Les méditerranéennes, Emmanuel Ruben, roman, Stock, 2022, 412 p.

Récit où la verve de l’auteur permet de rire et de pleurer avec une famille de juifs de Constantine, racontée et inventée sur quelque deux siècles. Il nous emmène aussi à Guelma, sur les ponts du Canal Saint Martin à Paris, ou dans la banlieue lyonnaise et les bords de la Loire. Il s’appuie sur quelques écrivains que nous aimons déjà pour comprendre comment la plus puissante communauté juive d’Algérie a vécu la colonisation française, la cohabitation avec le monde urbain traditionnel le plus dense d’Algérie, puis la dispersion. Des berbères, des héritiers des diasporas de toute la Méditerranée ? Chacun revendique et recompose le passé des siens sur sept générations, dont il nous donne l’arbre généalogique.

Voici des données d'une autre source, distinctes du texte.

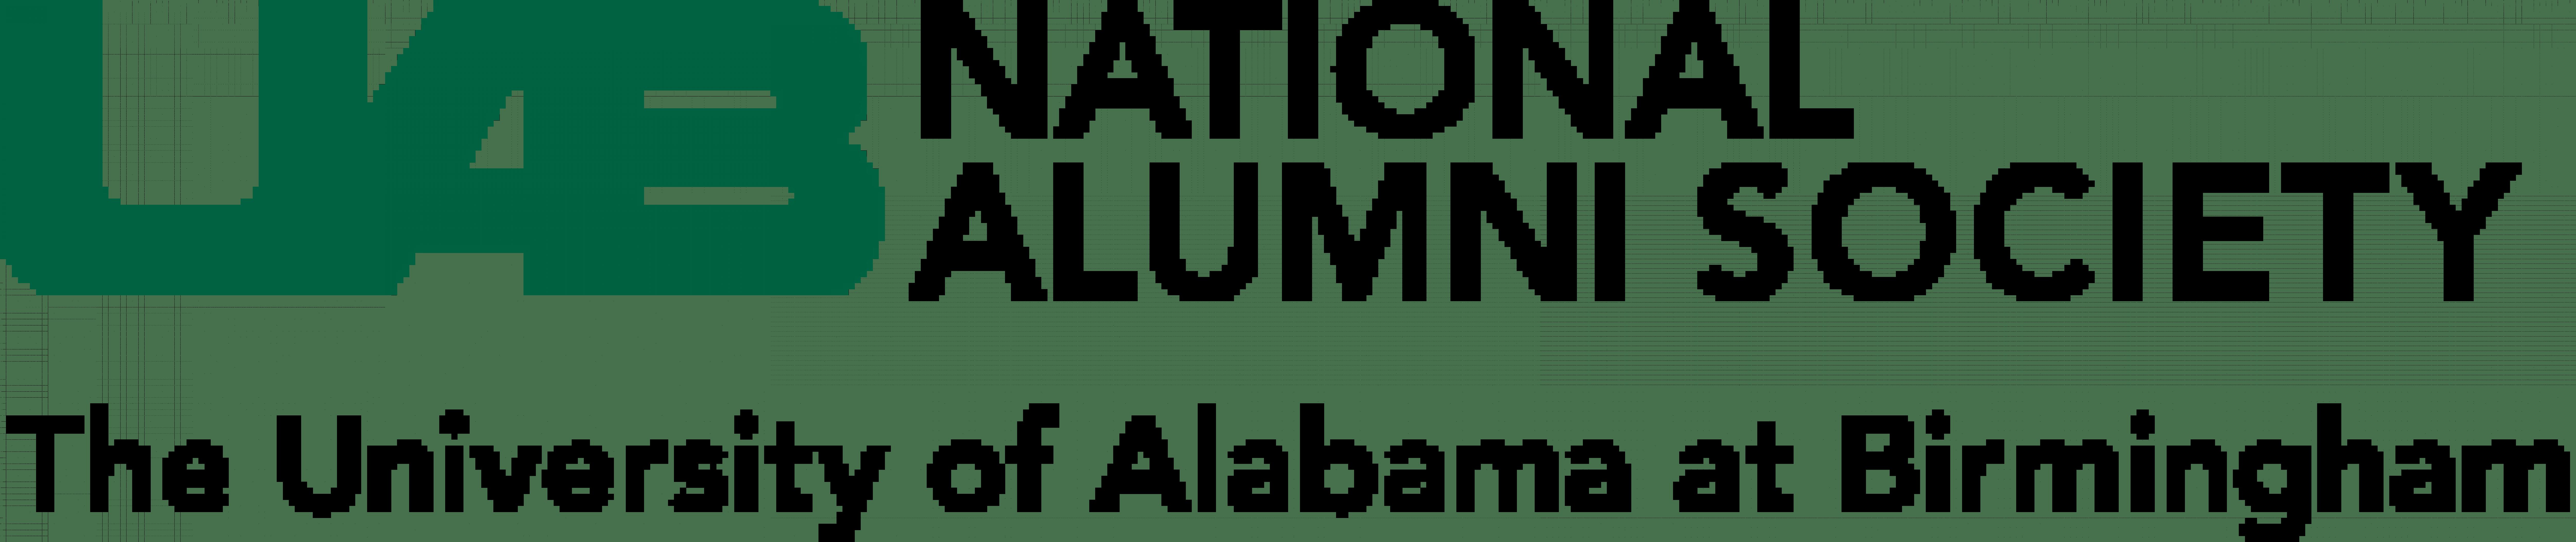 UAB National Alumni Society logo

Ruben a un sens aigu de la description des lieux, du dialogue saisi au vol ou inventé, en composant une galerie de femmes chaleureuse et véhémentes. Son style, rythmée d’alexandrins, tire le lecteur en avant.

Parmi tant de héros femmes dans ce roman, une figure masculine attirante : celle du militant communiste pied-noir qui disparaît en 1957, quand il perçoit que son combat politique n’a plus d’espoir. Et cet homme est le mari de Reine, la chef de tribu que le narrateur met en scène avec tendresse, aussi bien elle que sa descendance. Le festival de l’exode de 1962 est particulièrement étourdissant dans sa description.

Emmanuel Ruben est déjà connu pour plusieurs romans. Celui dont nous parlons ici est clairement une autobiographie familiale. Écrivain du monde, il a reçu le prix du roman historique aux Rendez-vous de l’histoire à Blois de 2022 pour cette saga.